> **Supplied information**:
──────────────────────────────
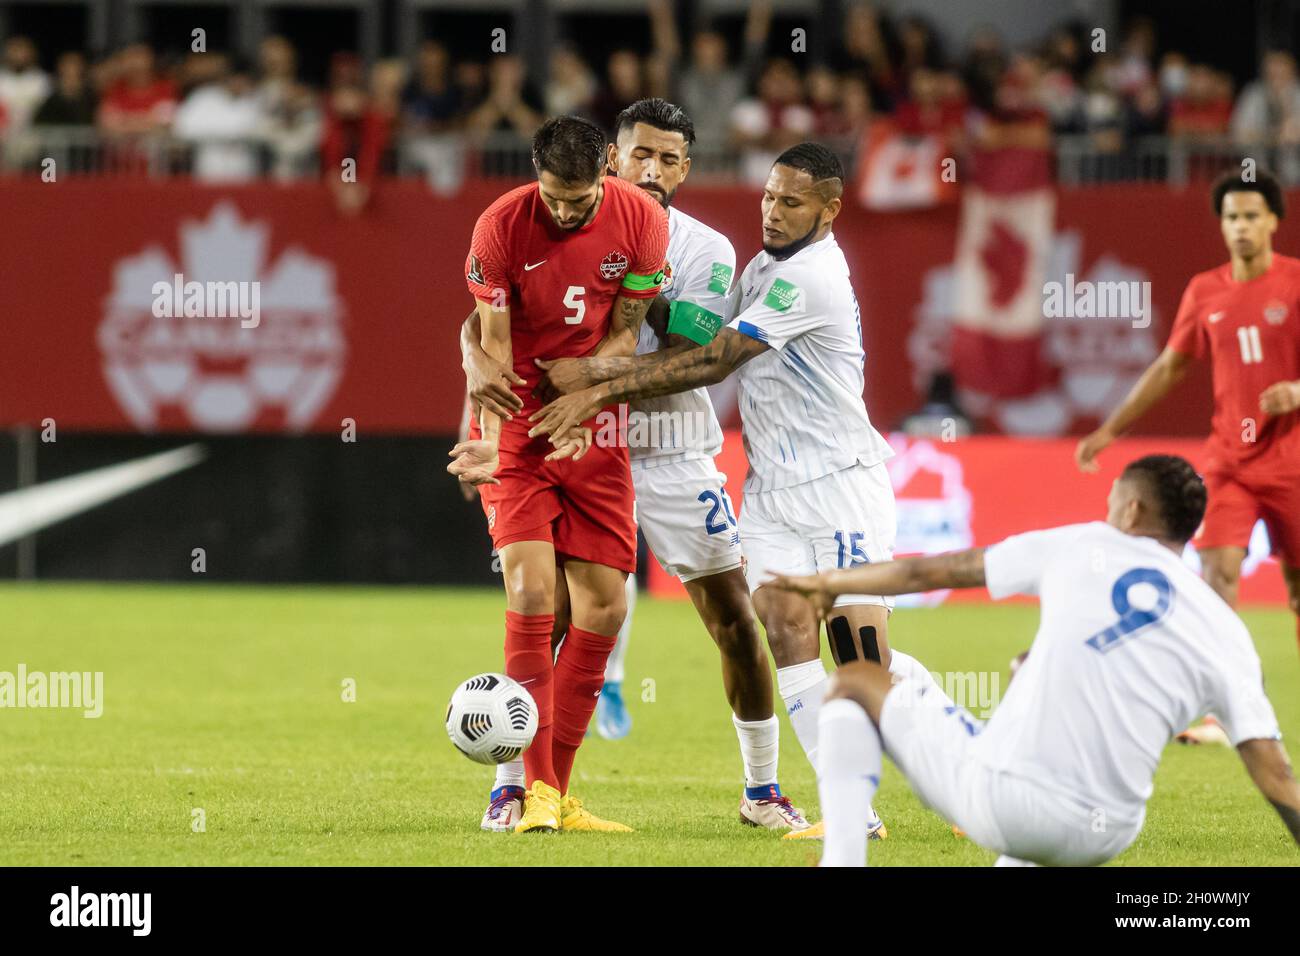 Toronto, Canada, October 13, 2021: Steven Vitória, No.5, of Team Canada is tackled by two Team Panama players, Aníbal Godoy, No.20, and Eric Davis, No.15, during the CONCACAF FIFA World Cup Qualifying 2022 match at BMO Field in Toronto, Canada. Canada won the match 4-1. Credit: Phamai Techaphan/Alamy Live News Stock Photo
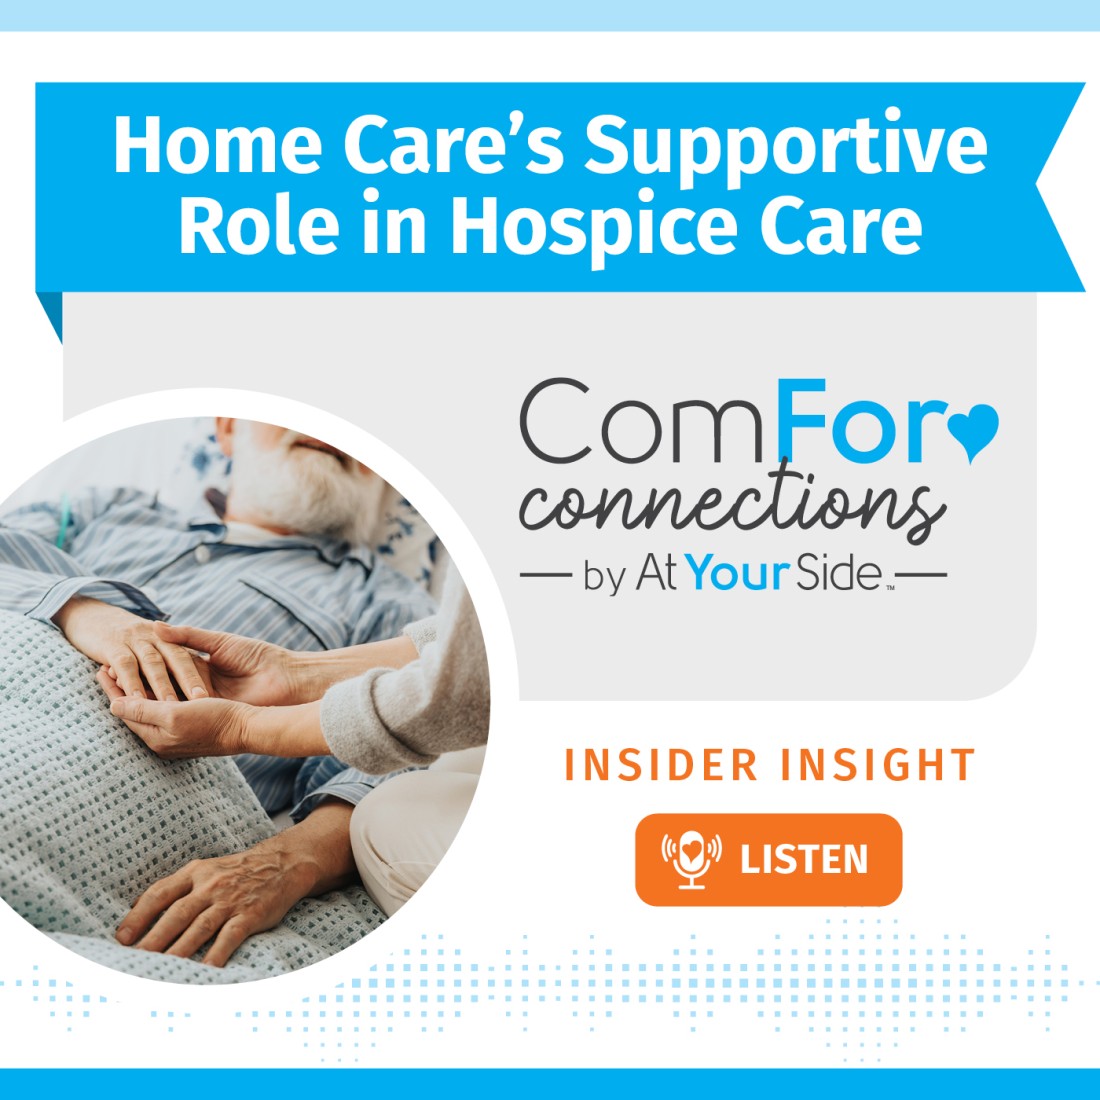 Podcast Resources: Expanding Your Home Care Knowledge - Social_Media_Graphic__Best_Practice_Considerations_Home_Care's_Supportive_Role_in_Hospice_Care_(2)
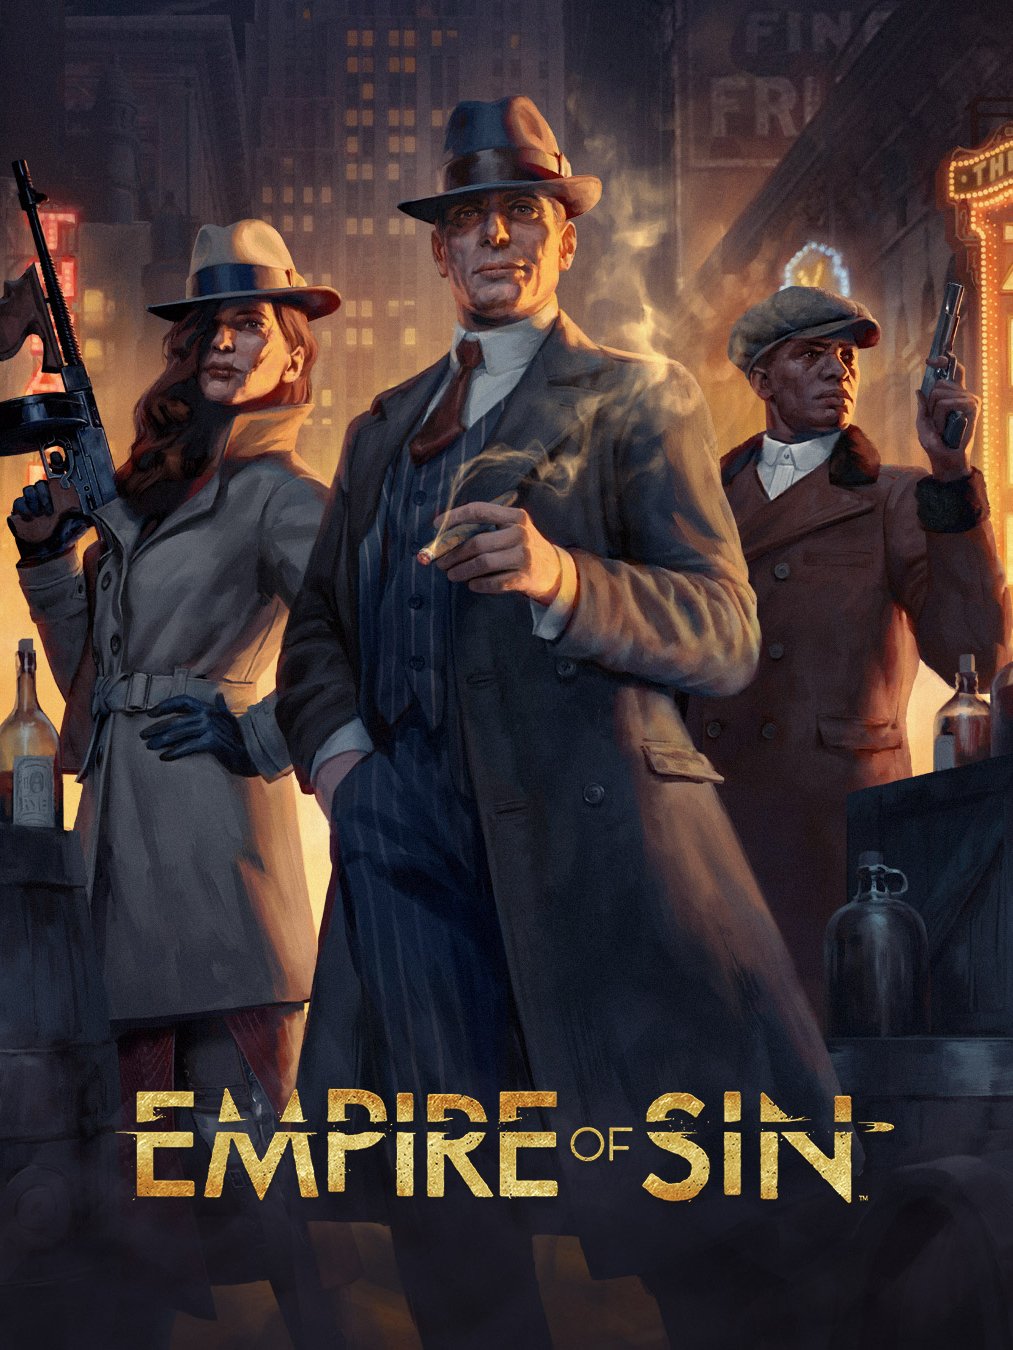 Image of Empire of Sin
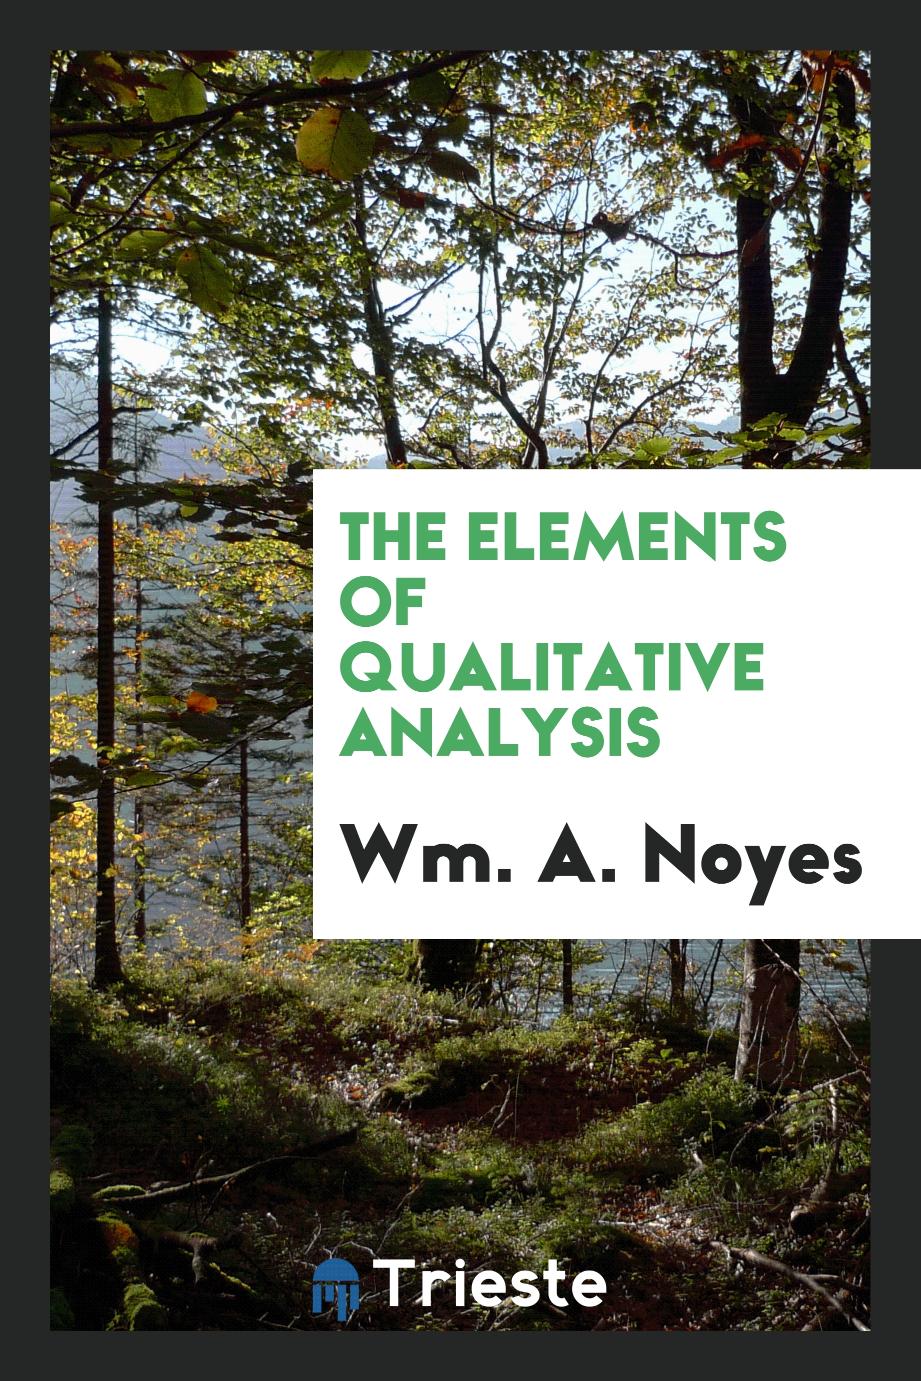 The Elements of Qualitative Analysis
──────────────────────────────
> **Problem description**: Please write out the lines from the one that holds "Image of Empire of Sin" through the end of the material, both ends included, exactly and with no pictures.

> **Reply**:
 Image of Empire of Sin
 The Elements of Qualitative Analysis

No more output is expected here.